▶ _DATA SECTION_:

• • •

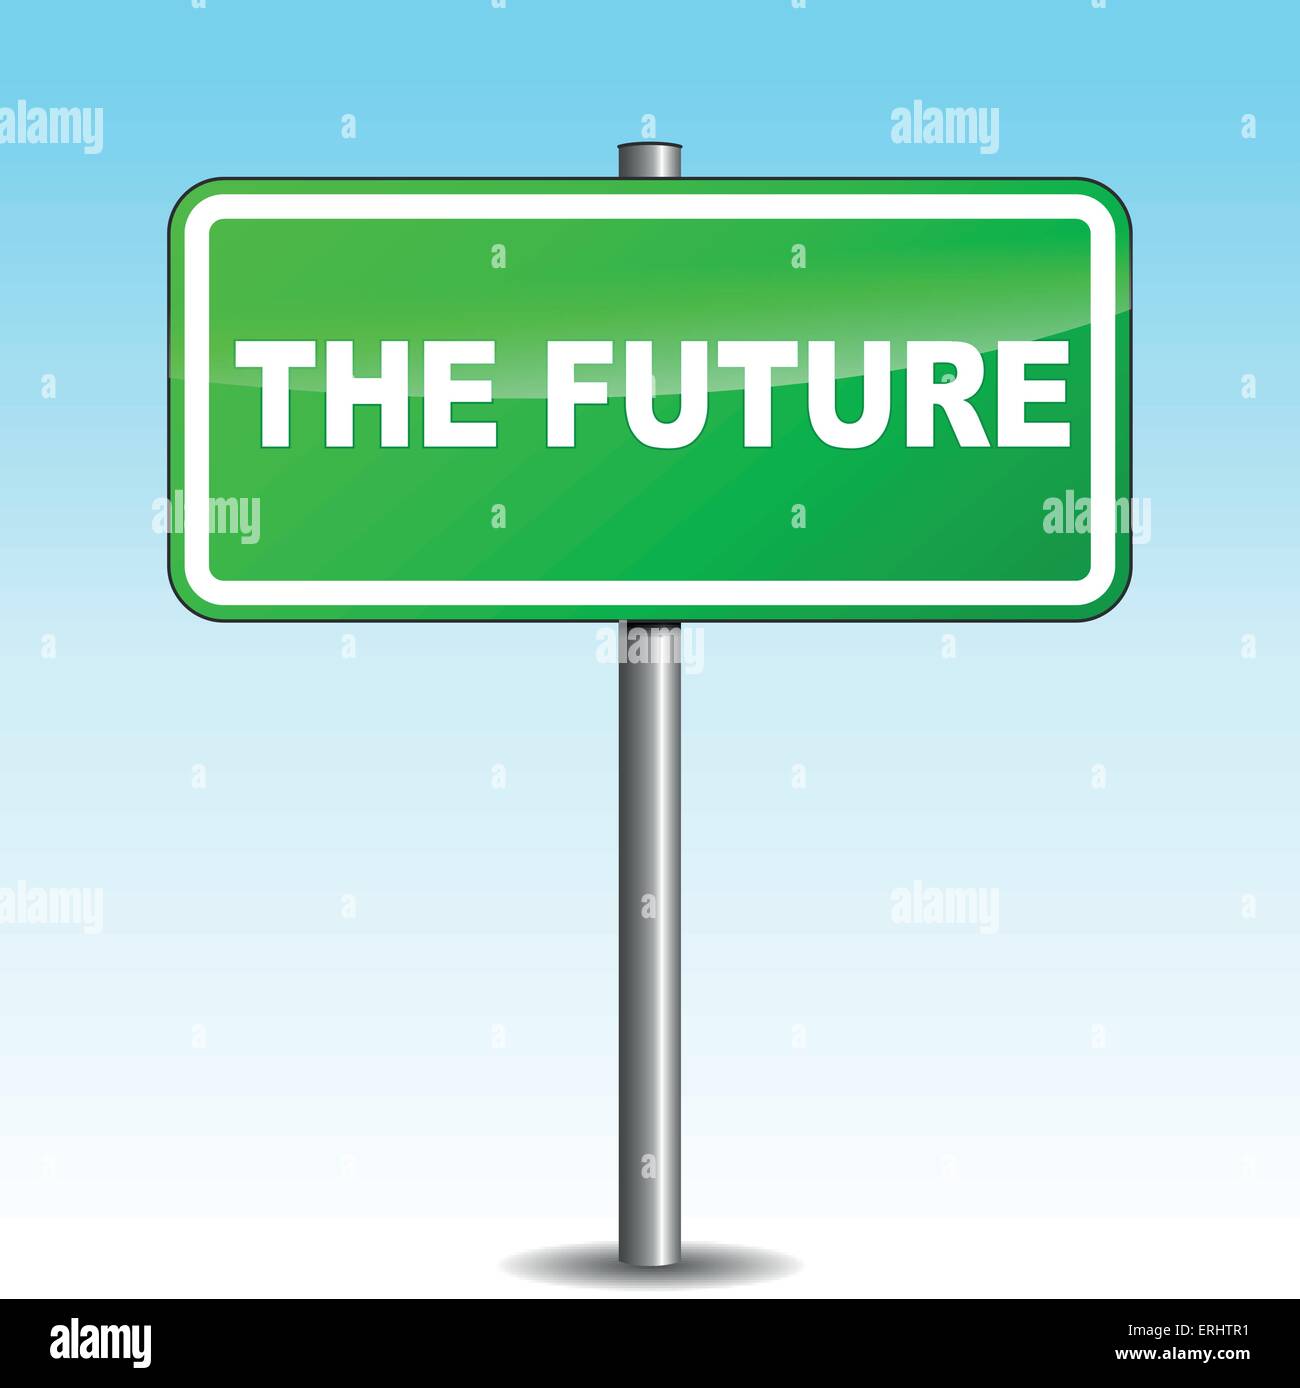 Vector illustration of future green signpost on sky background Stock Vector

• • •

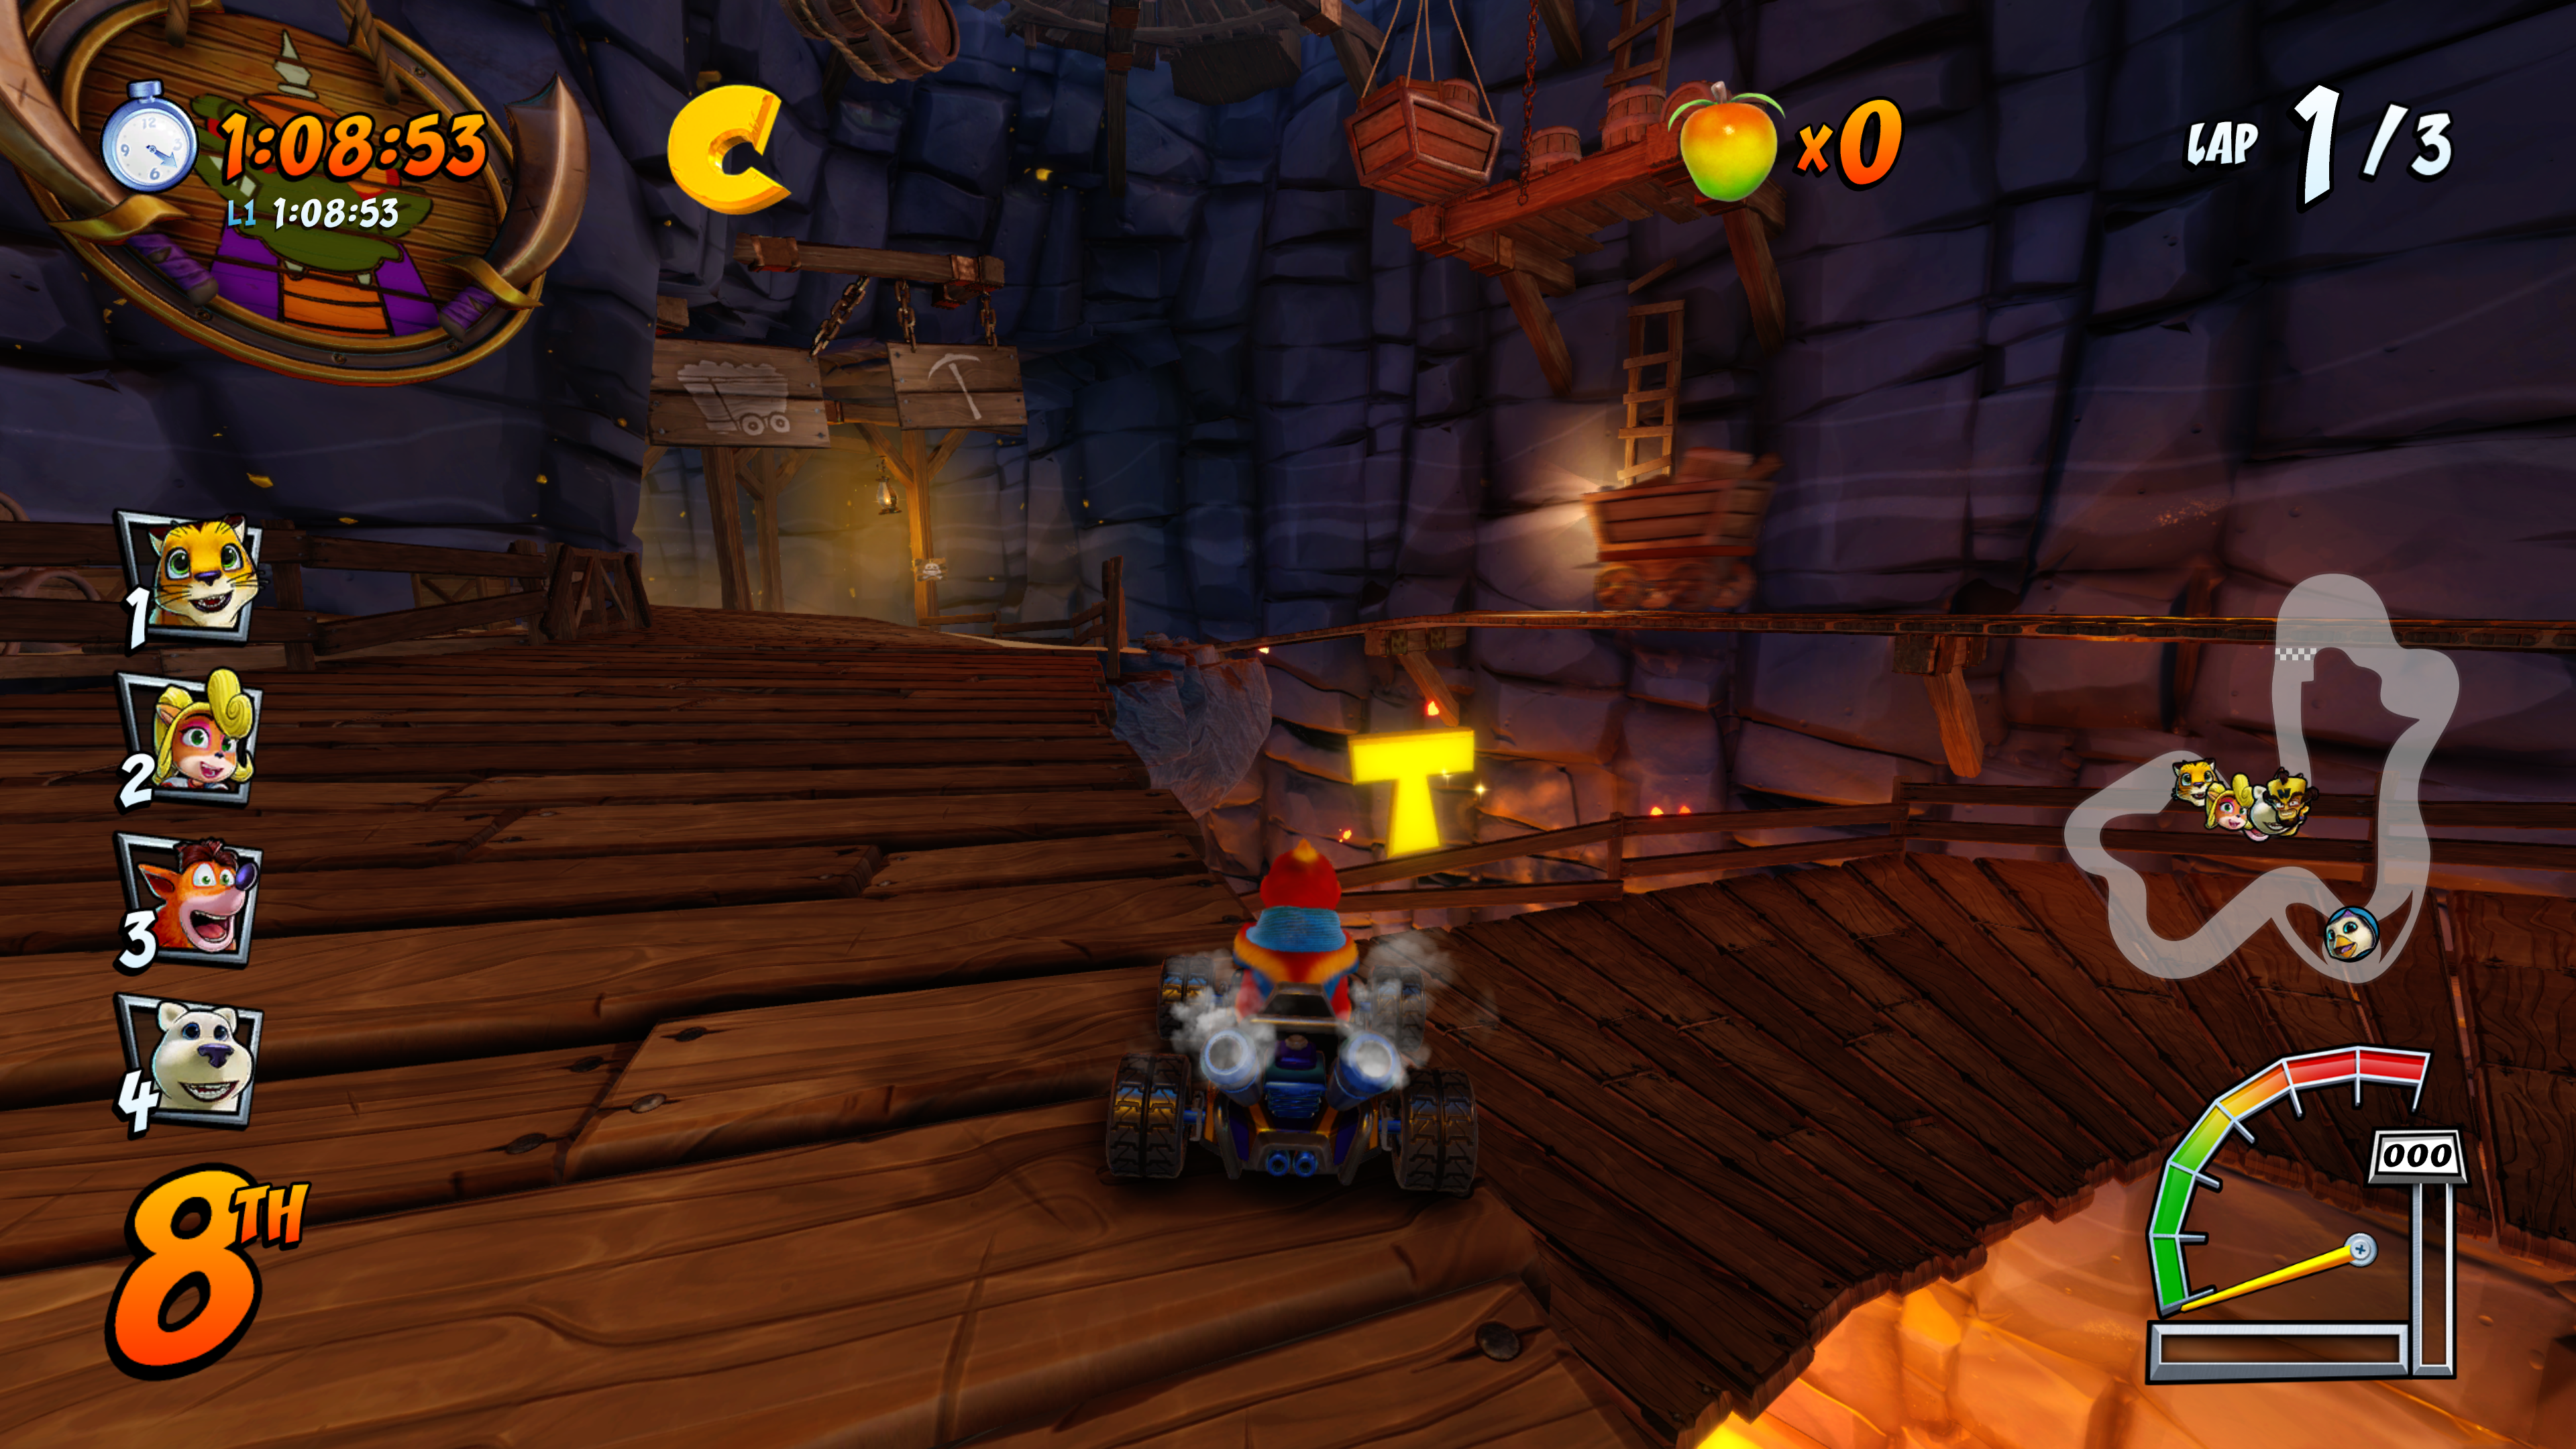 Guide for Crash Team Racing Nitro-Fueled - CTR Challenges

• • •

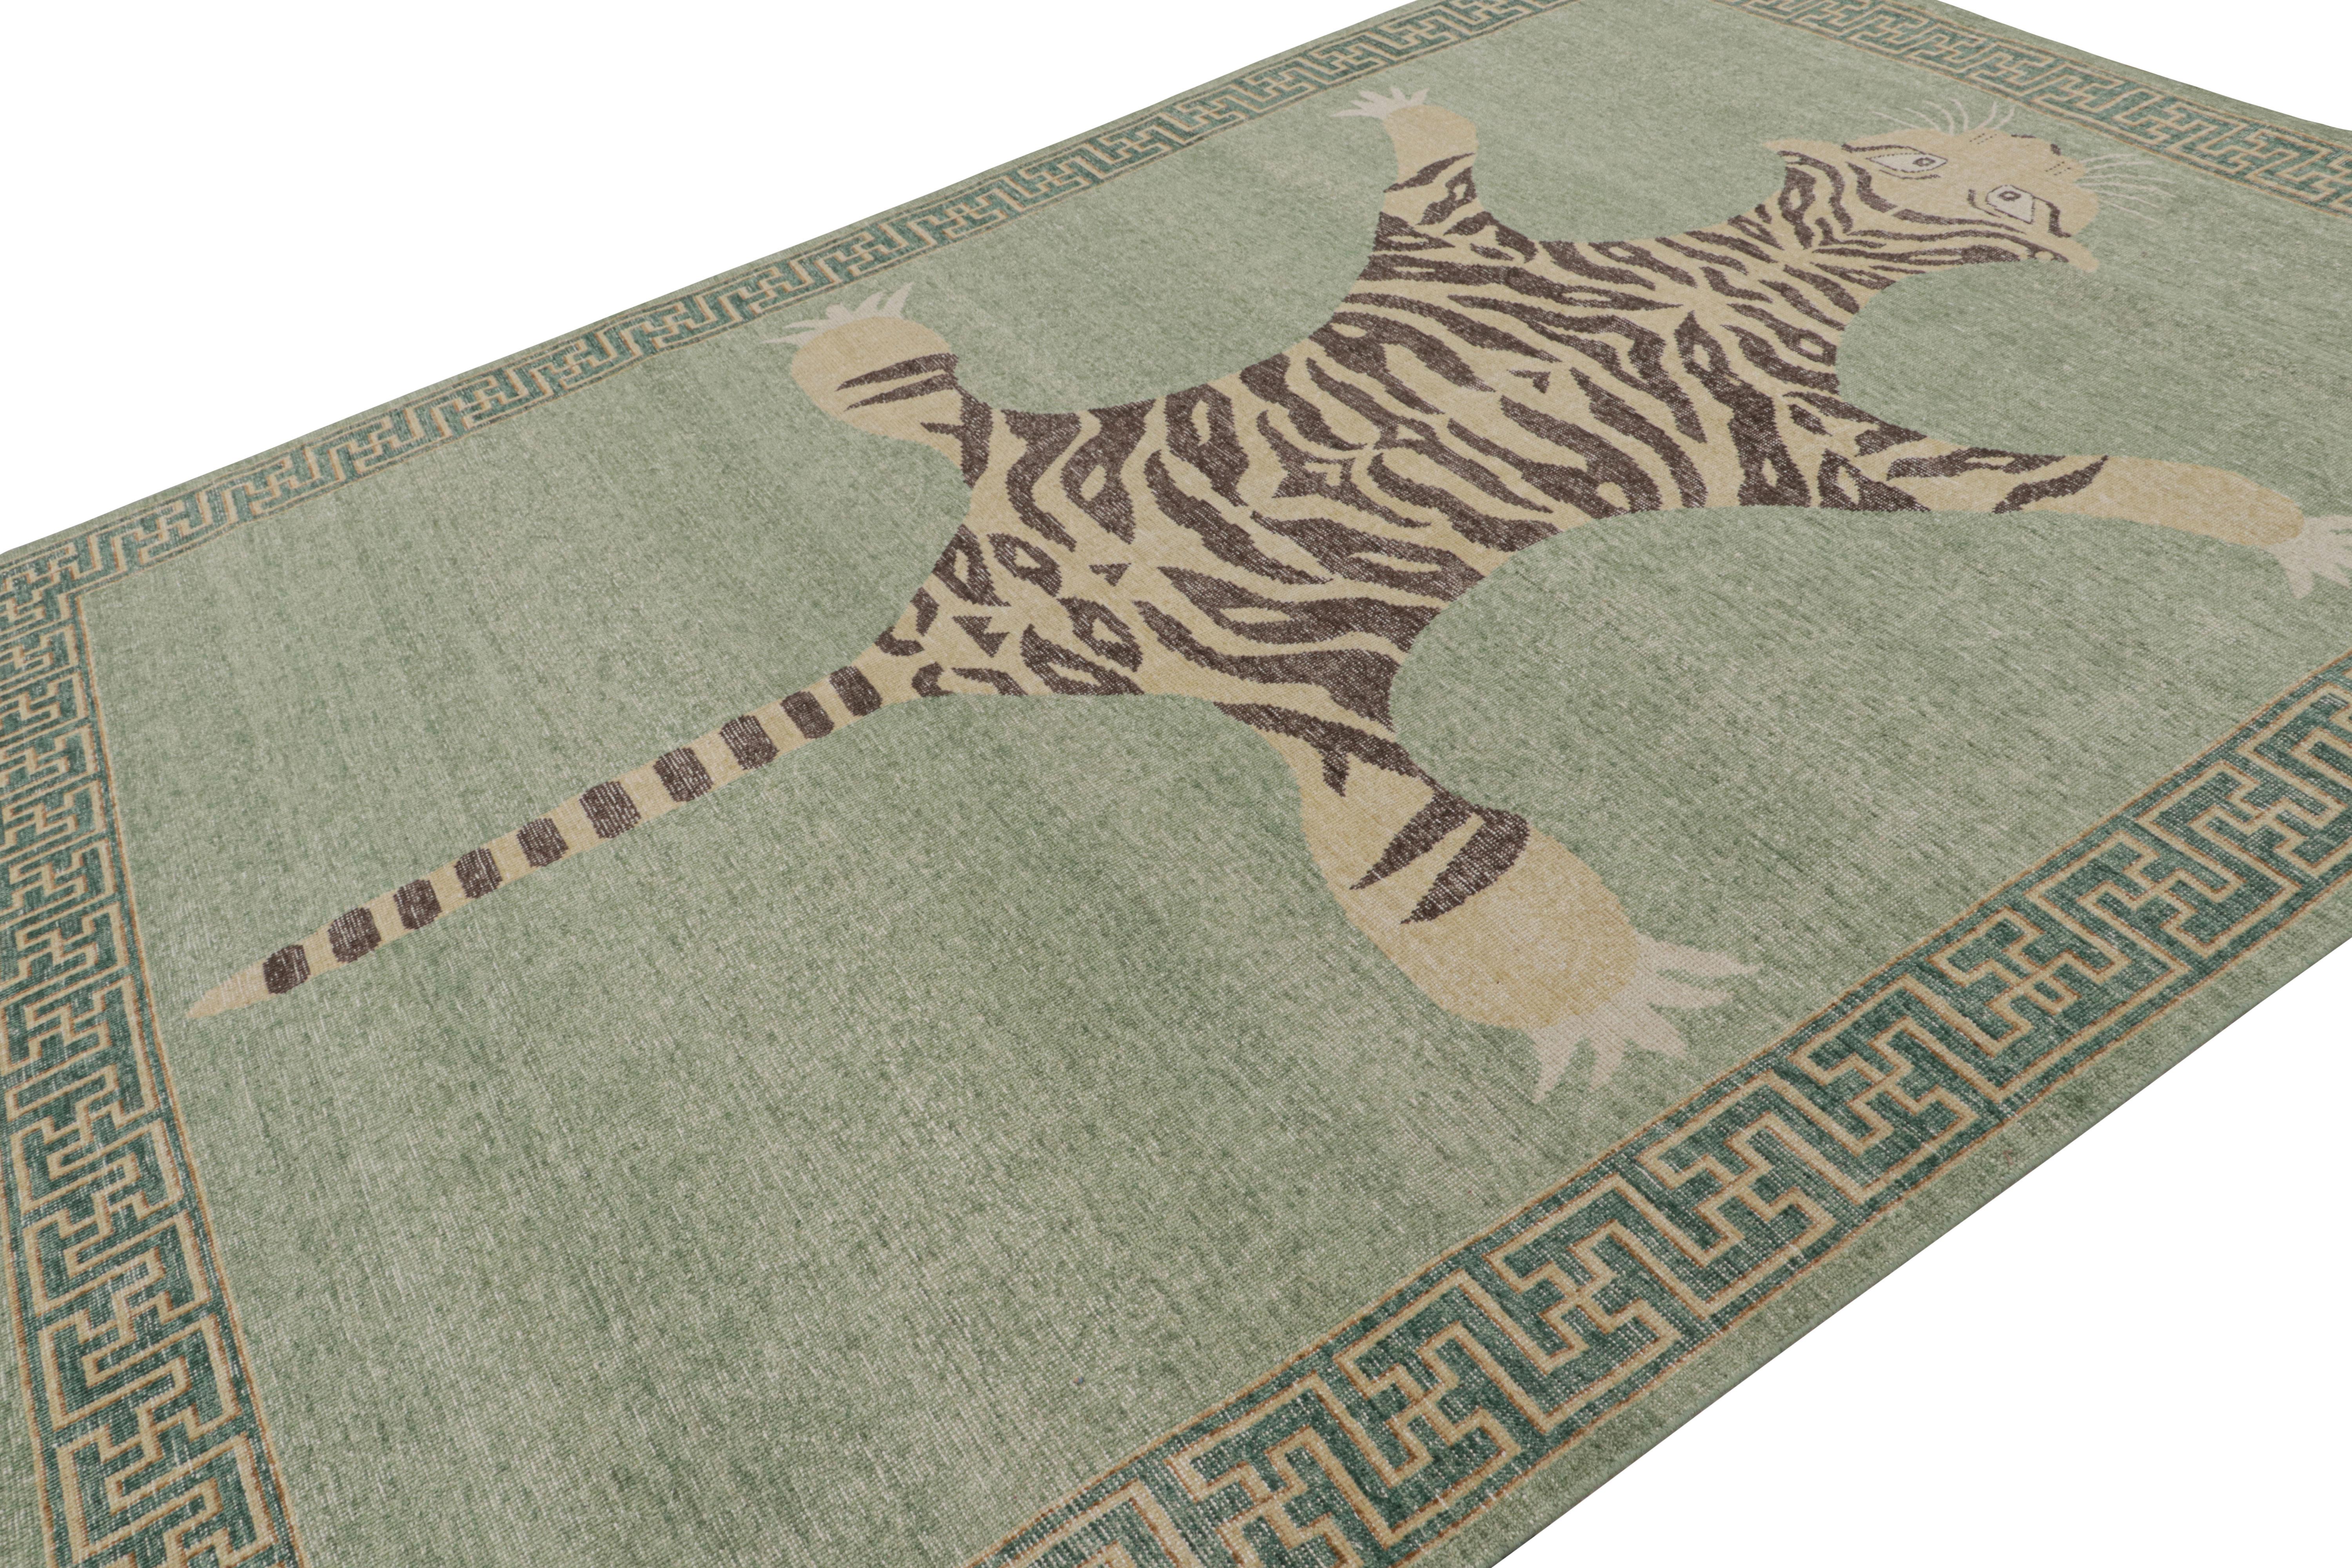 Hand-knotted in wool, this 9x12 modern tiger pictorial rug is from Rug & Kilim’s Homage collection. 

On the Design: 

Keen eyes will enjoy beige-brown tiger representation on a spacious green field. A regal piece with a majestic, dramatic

• • •

▶ _HOW TO COMPLETE THIS TASK_:
Although pictures appear among the records above, none are to be output; print exactly the lines from the line containing "Hand-knotted in wool, this" through the line containing "Keen eyes will".

▶ _SOLUTION TO THE EXERCISE_:
 Hand-knotted in wool, this 9x12 modern tiger pictorial rug is from Rug & Kilim’s Homage collection. 

On the Design: 

Keen eyes will enjoy beige-brown tiger representation on a spacious green field. A regal piece with a majestic, dramatic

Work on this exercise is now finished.